Ad Astra | What Led You to the Stars?

  • 5 days ago
  • 4 min read

Conversation with the cosmonaut Andrei Borisenko





My publication, which I launched last year, is called Ad Astra, as you are aware.


Every person has mentors, books, or films that shape their path and lead them to the stars.


What — or who — led you to the stars? And can artificial intelligence and high technology replace human presence in the space industry?

That was the question I asked Andrei Ivanovich Borisenko in Paris — Pilot-Cosmonaut of the Russian Federation, recipient of the Gold Star Medal of Hero of the Russian Federation, ROSCOSMOS Award, Gagarin Sign, NASA Space Flight Medal, and NASA Distinguished Public Service Medal. And I was genuinely happy to have the chance to speak with him. I have always believed that space has a rare power to unite.
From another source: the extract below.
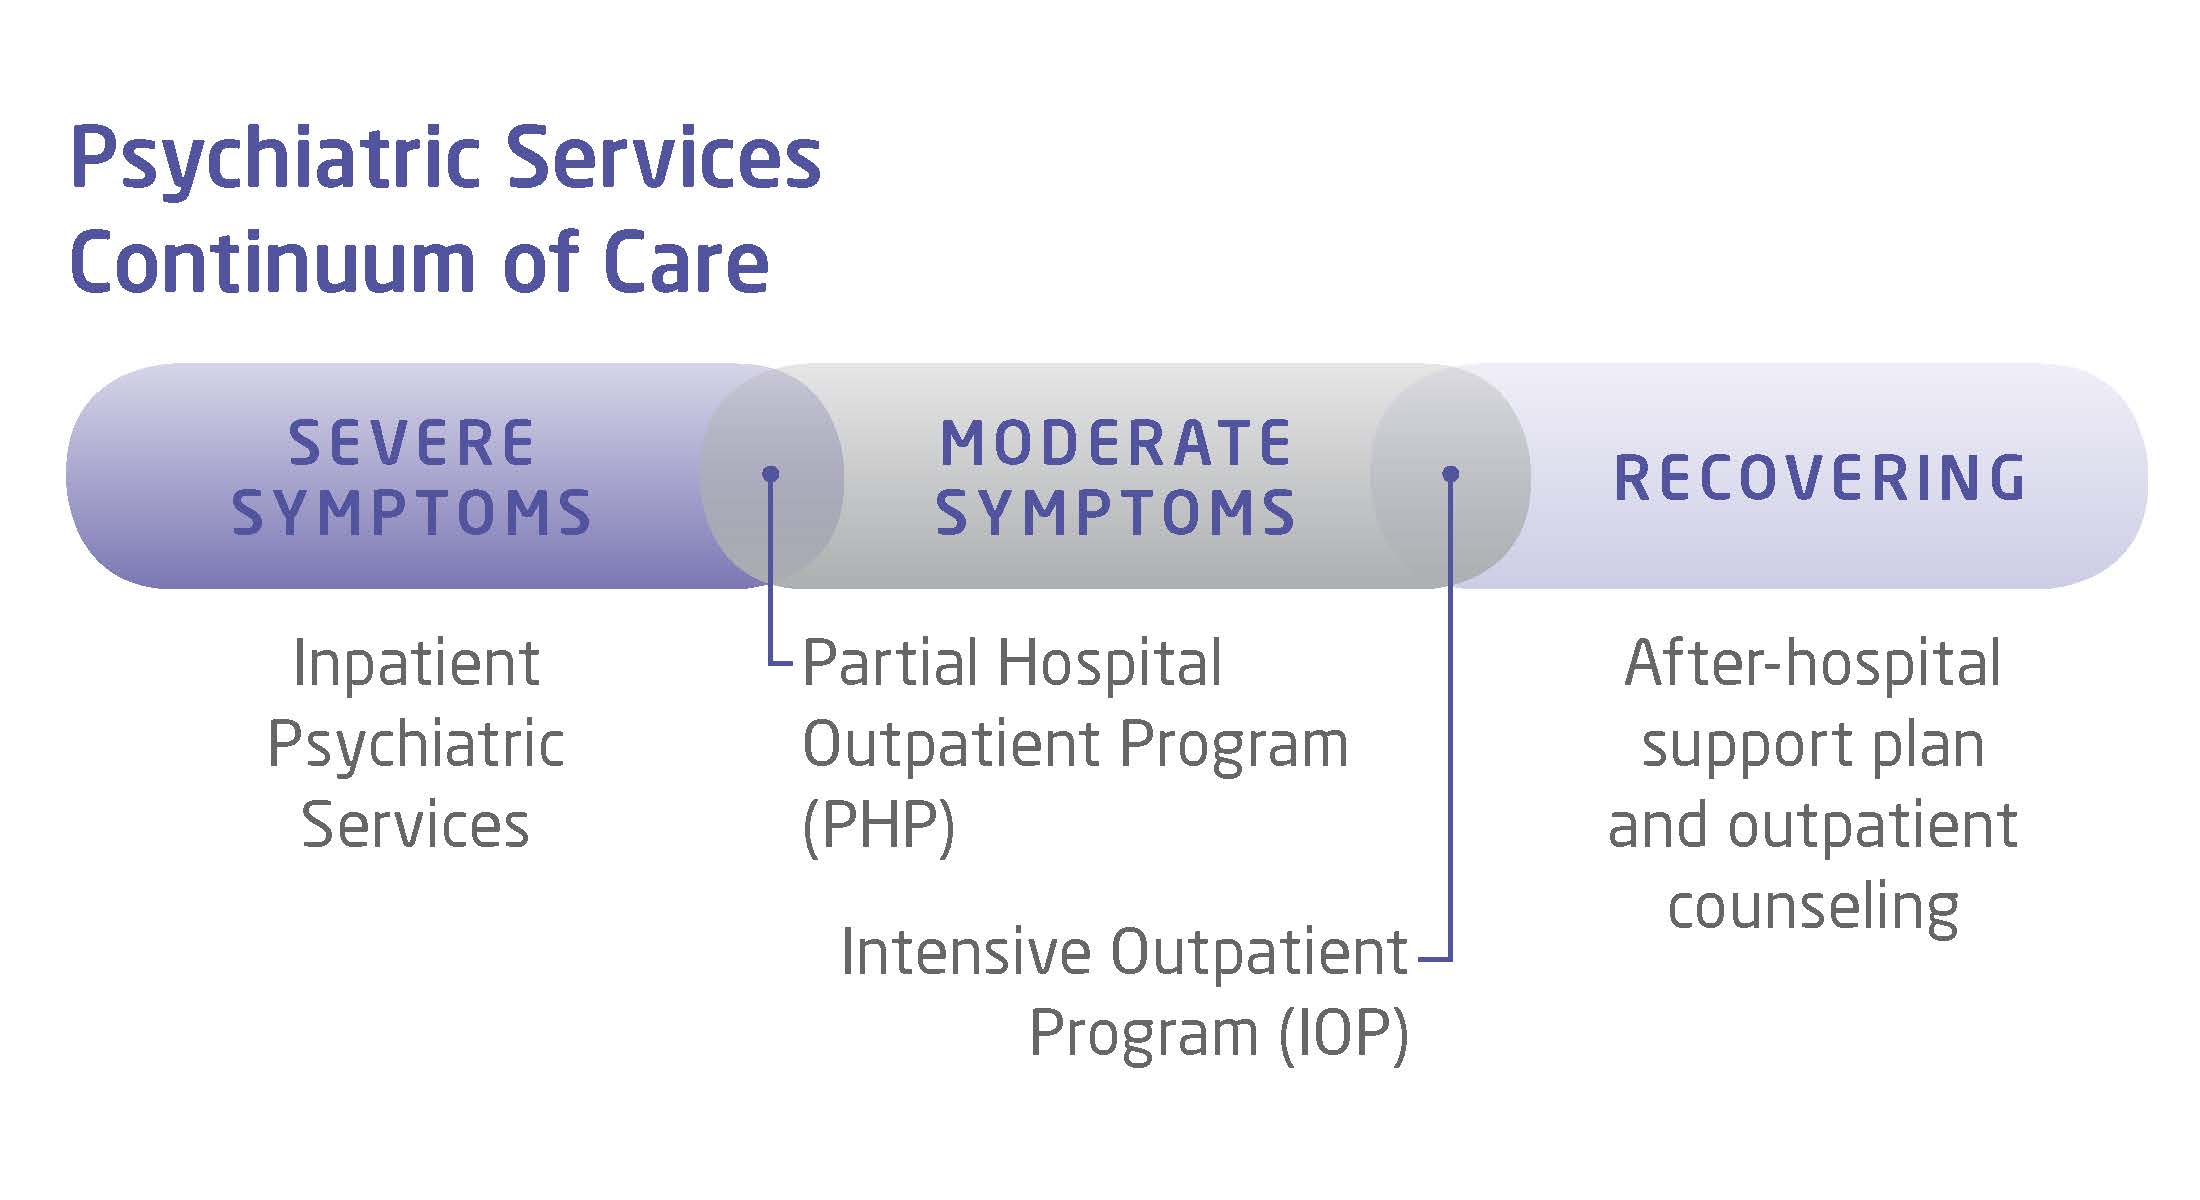 northwestern-medicine-continuum-of-care-for-psychiatric-services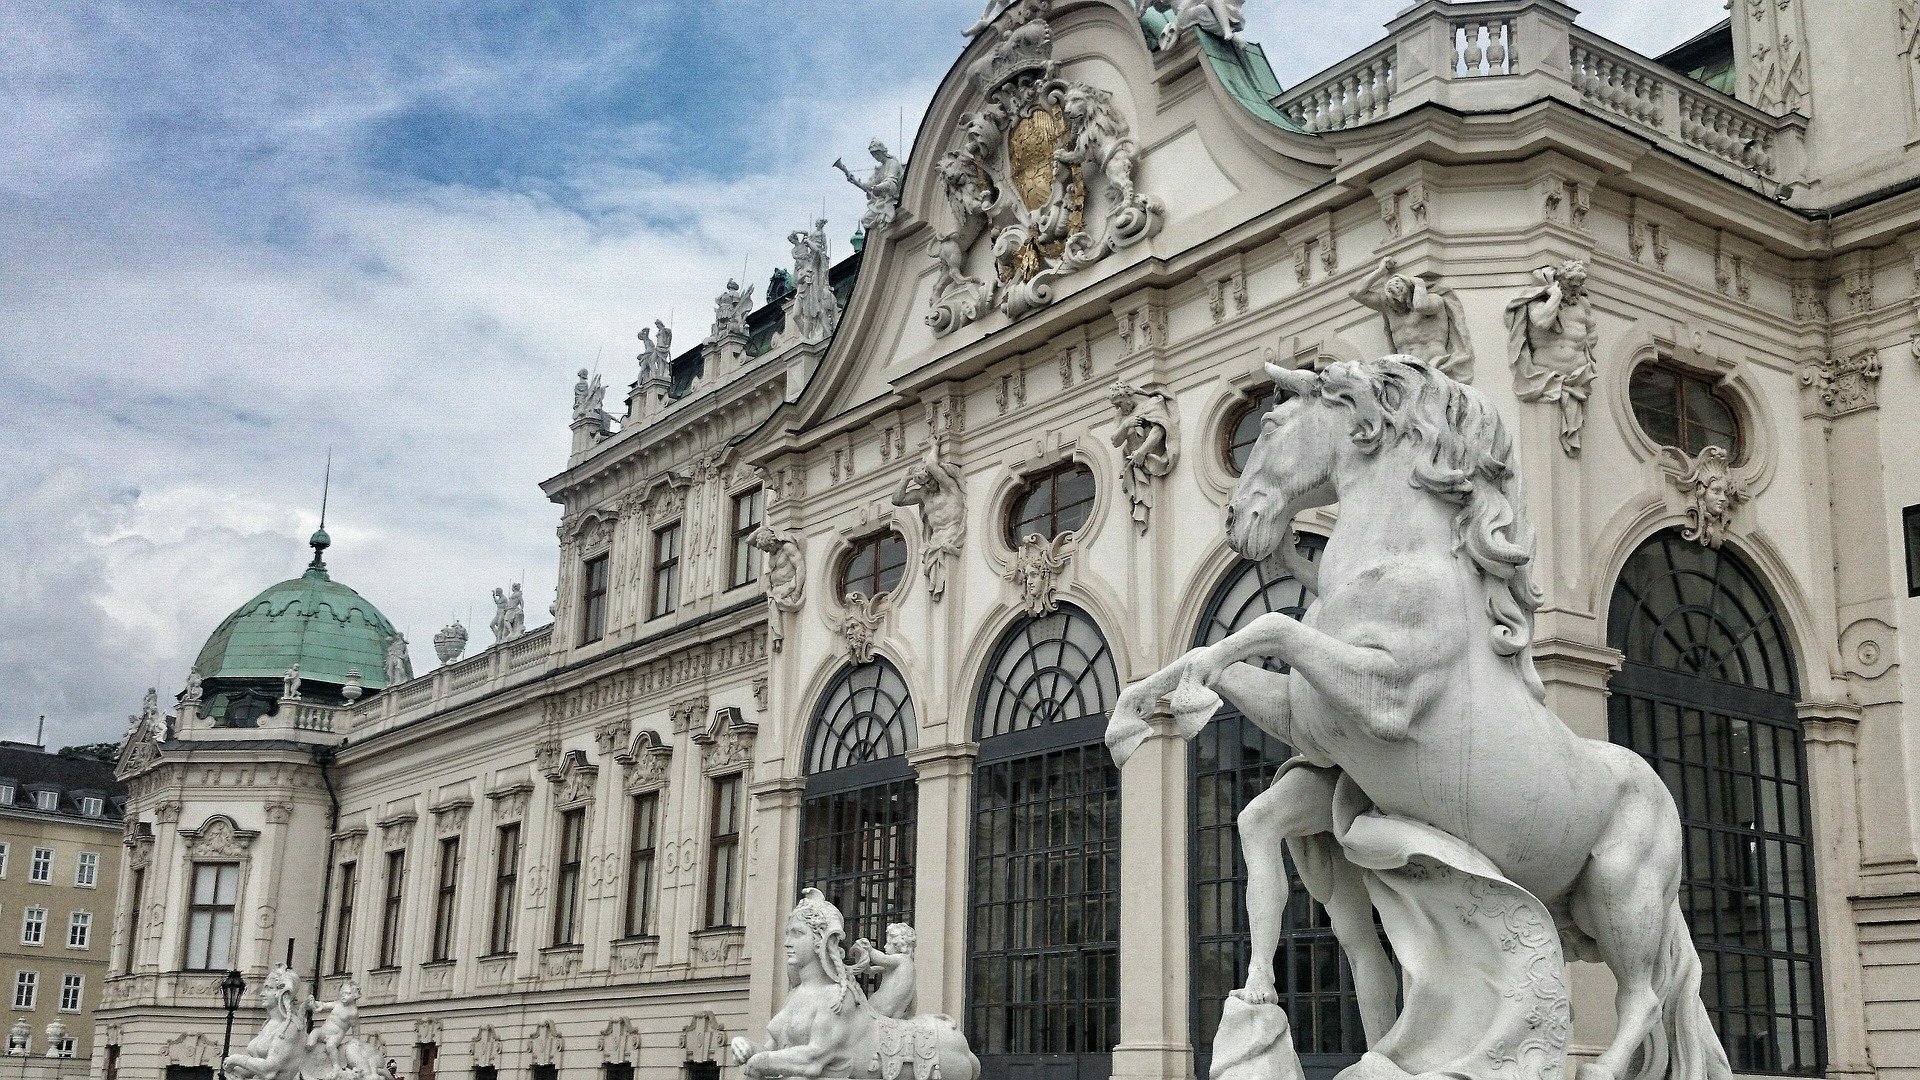 Palace of Vienna in Austria

It brings together not only countries, technologies, and scientific ambition, but also something deeper and more fragile: our shared sense of wonder, humility, and common destiny.


Borisenko’s answer began with childhood. He spoke about seeing the film Taming of the Fire as a boy and being so deeply impressed by it that he immediately told his parents he would either become a cosmonaut or build rockets. Looking back, he said that was where it all began.


I loved that answer because it was so simple and so true. We often speak about great careers as if they begin with strategy. But often they begin with emotion — with a spark, an image, a moment that quietly decides something inside you.


When I asked whether artificial intelligence could replace human beings in space, he said that arguing about this is like asking

which hand is more important — the right or the left. Both are needed. Without automation, much in space would be impossible. But without a human being, there are situations that cannot simply be corrected by a machine, decisions that still require judgment, and responsibility that cannot be handed over.

It was one of the strongest things said that evening. Borisenko did not oppose technology and the human being. He simply reminded us that the more powerful our technologies become, the more important it is to understand what they cannot replace.


That felt especially meaningful because of the timing. This year, Orthodox Easter and Cosmonautics Day fell on the same date. There was something quietly symbolic in that coincidence: faith, light, renewal, and the human desire to rise beyond known limits meeting on the same day. In a strange and beautiful way, it made the whole evening feel suspended between two kinds of ascent — spiritual and cosmic.


That feeling deepened when the discussion turned to the icons visible on board. A question was asked about them, and Borisenko’s wife, Natalia, answered with great warmth. She spoke very personally — about family traditions, about blessing, about waiting, about daily calls from orbit, and about the emotional reality of staying on Earth while someone you love is in space.



That, too, felt important. The icons were not there as decoration. They were a reminder that even in one of humanity’s most advanced environments, people still carry with them signs of memory, faith, protection, and home.


Another moment I keep returning to is what Borisenko said about seeing Earth from orbit. Before flying, he admitted, phrases like “the Earth is small” or “we must protect it” sounded beautiful, but abstract. It was only after seeing the planet with his own eyes that he understood they were literally true. Earth, he said, is beautiful, round — and very small.


That is perhaps one of the greatest things space can do: it changes scale. It reduces noise. It reminds us how fragile the Earth is, and how small many of our certainties look from a distance.


And perhaps that is why space matters especially now. In our time of uncertainty, fragmentation, and geopolitical tension, we may have more to learn from space than we think. Not only because it represents scientific progress, but because it teaches discipline, interdependence, and perspective. In orbit, people cannot afford the luxury of constant division. They have to protect what allows them to live and work together.


Borisenko spoke about this very directly when describing life aboard the International Space Station. The crew, he said, is one crew. And to preserve that fragile unity, there are rules: politics is not discussed, religion is not discussed, family values are not discussed, and neither is any subject likely to cause psychological discomfort to another crew member. Just as importantly, astronauts and cosmonauts try to know each other as people — through family, habits, daily life — so that trust exists before tension appears.


There is something powerful in that. On Earth, we often think seriousness means insisting on every disagreement. In space, seriousness seems to mean something else: protecting the conditions that make coexistence possible.


Maybe that is one of the reasons space still matters so much, because it reminds us what humanity must preserve on the way.


When I think back to my question now — what leads a person to the stars, and what cannot be replaced there — the answer feels larger than it did in the room.


A person is led to the stars by wonder.

But they remain there through discipline, judgment, and responsibility.


As Andrei Borisenko said,


“The Earth is indeed very beautiful, round — but also small.”